彼は天井を仰ぎ、長く重い息を吐き出すと、茶を一口啜った。
「図面だけでなく、工程管理にまで精通しているのか……恐ろしいですね、我らが公爵様は……」
「それだけではない。そこの工事には王国軍第一軍が投入される」
「は!? 第一軍が?」
弾かれたように飛び起き、ロベルトは身を乗り出した。
戦うための剣ではなく、開拓のための鍬を握る軍の姿が想像を絶したのか、彼の表情には困惑が色濃く滲む。
「そうだ。お前が指揮を執れ。いいな?」
「……ちょっと待ってください。大叔父様、最初だけでも力を貸してもらえませんか? 途中で、必ず私が一人でやれるようになりますので……」
懇願するように見つめるロベルトの視線を、レイモンドは真っ向から受け止めた。
「いいぞ。安請け合いしないあたり、やはりお前はわかっておるな。春までに形にしようじゃないか。そこまでは私も現場で手伝おう」
「ありがとうございます。頼りにしています」
ロベルトが安堵の吐息を漏らしたその時、傍らで沈黙を守っていた『海鳥』の娘が、凛とした声を響かせた。

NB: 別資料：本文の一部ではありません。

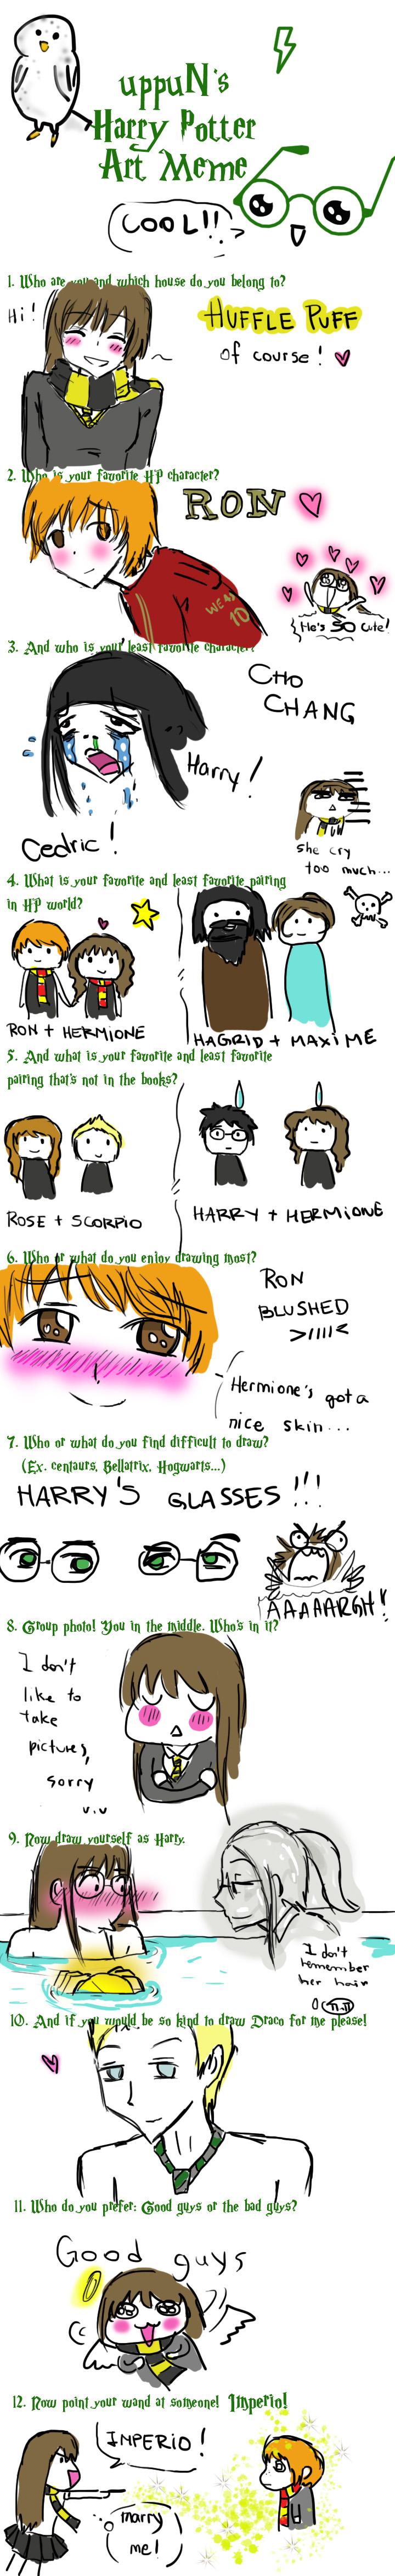 Harry Potter Meme by FuyuNeko0
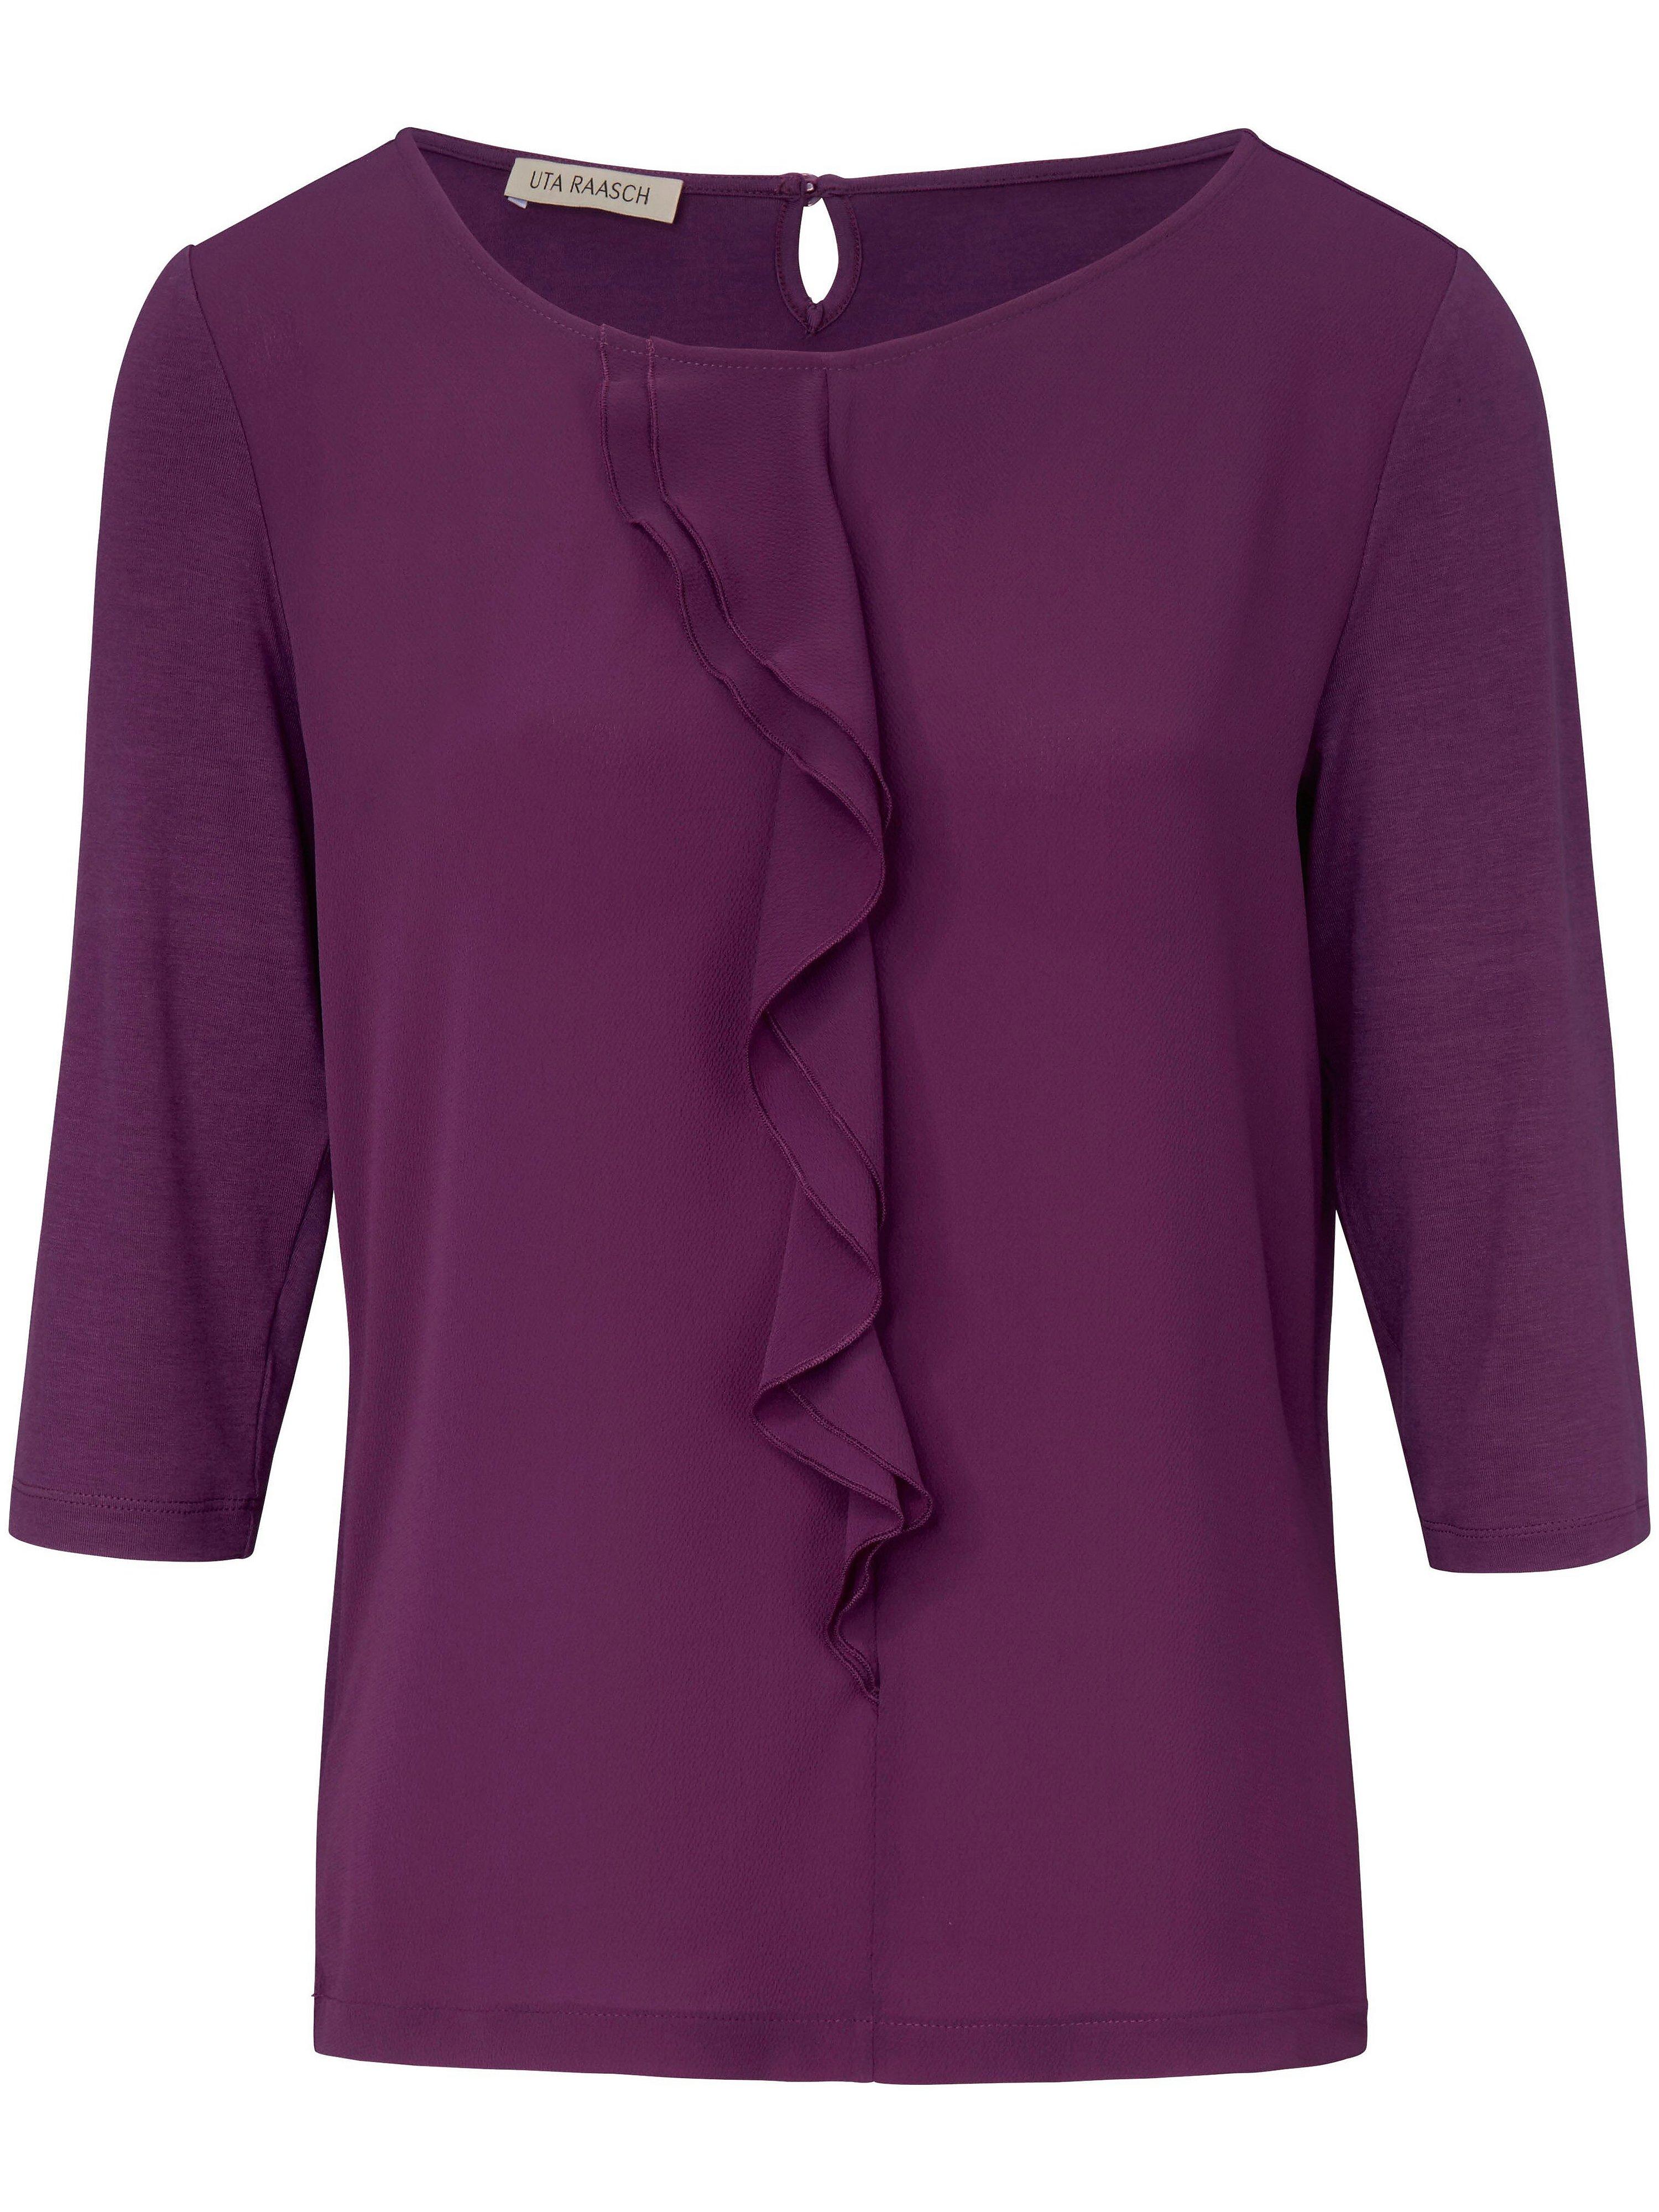 Shirt met 3/4-mouwen Van Uta Raasch paars

「では、レイモンド領の運営は、これまで通り我ら『海鳥』が引き受けます。手が空いた『海鳥』は現場に回します。よろしいですね?」
提案を受けたレイモンドは、迷うことなく頷いた。
「ああ、足元が崩れては復興事業どころではないからな。頼りにしている」
「はい、承りました」
娘たちの返答を聞き届け、レイモンドは再び重い口調で現実を突きつけた。
「ここ、レイモンド領には、王都からの労働力が送られてくる手はずになっている。彼らの面倒も見なければならん。やることは山積みだな」
「……まだあるのか。春までに形に? それ以前に、着手できるかが怪しく感じてきました」
項垂れるロベルトの肩を、レイモンドの言葉が叩く。
「動き始めさえすれば、あとは自然と流れていくものだ。最初の苦労は金で解決しろ。そもそも金は王国から出る」
「うわぁ……」
いっそ潔いレイモンドの言葉に、ロベルトは再び天井を見上げた。
レイモンドは窓の外を見る。
今はまだ、何もない荒れ地。
だが、そこには街道が敷かれ、水路が巡り、農地が広がり、一つの伯爵領が築かれる。
その設計図は、すでに完成していた。
この何もない荒れ地は、やがて王国北方最大の穀倉地帯へと姿を変える。
その最初の一歩が、今、踏み出された。